On Thu, Feb 27, 2014 at 7:18 PM, <fhu...@gmail.com> wrote:
Hi Shashika,

fhu...@gmail.com

unread,
Feb 27, 2014, 6:47:38 PM2/27/14
to stratosp...@googlegroups.com
Looks very promising on the first look, esp. as it is also used for Hive.

Good catch 😊

Stephan Ewen

unread,
Feb 28, 2014, 10:40:28 AM2/28/14
to stratosp...@googlegroups.com

Hey!

I think we could go with JTS anyways. The license is only a problem when we make it part of the core (Apache Licensed) module. We could have a separate module for geo spatial processing, with different licensing conditions. LGPL is not toxic to use, but it is not possible to redistribute LGPL code under Apache License.

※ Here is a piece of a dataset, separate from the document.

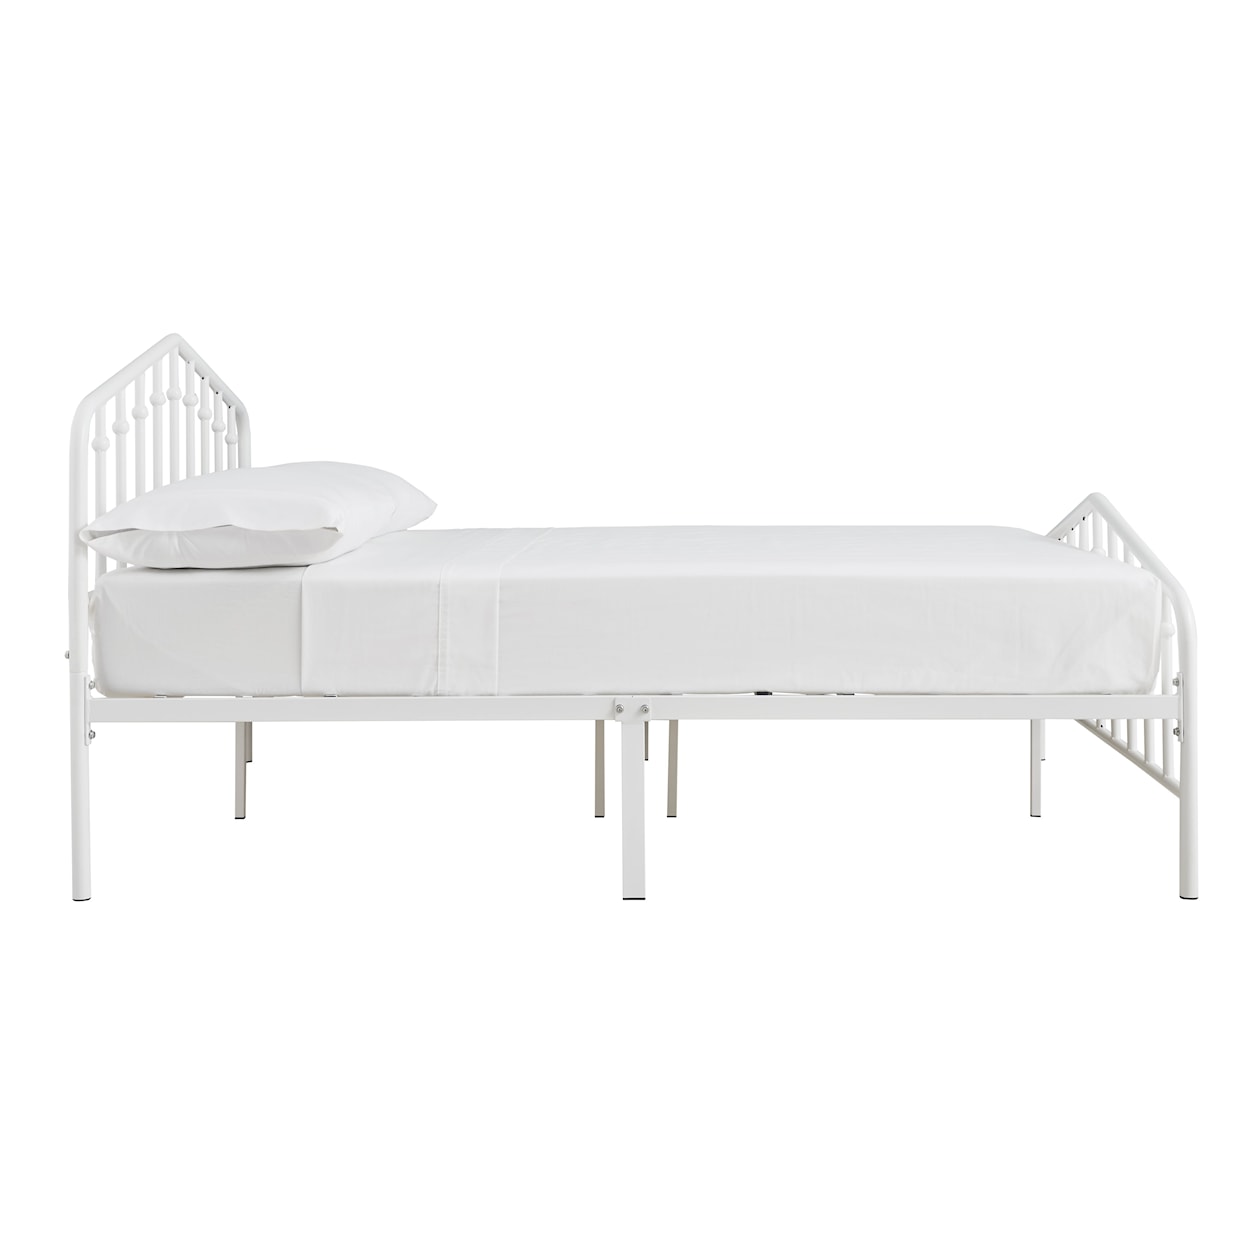 Signature Design by Ashley Furniture Trentlore Full Metal Bed

As far as I have heard, JTS is somewhat the industry standard for geospatial processing in Java, and it might be a good idea to use it anyways.

Greetings,
Stephan



On Tuesday, February 25, 2014 4:13:11 PM UTC+1, Shashika Ranga Muramudalige wrote:

Shashika Ranga Muramudalige

unread,
Mar 1, 2014, 4:38:54 PM3/1/14
to stratosp...@googlegroups.com
Hi,

I tried to do a documentation about the word count example. I've attached that. There might be various mistakes and faults. You can modify and correct as you want.

Up to now, I've implemented task 1 and task 2 in exercises in http://bigdataclass.org  You can see them on mygithub. Now I'm trying in further tasks.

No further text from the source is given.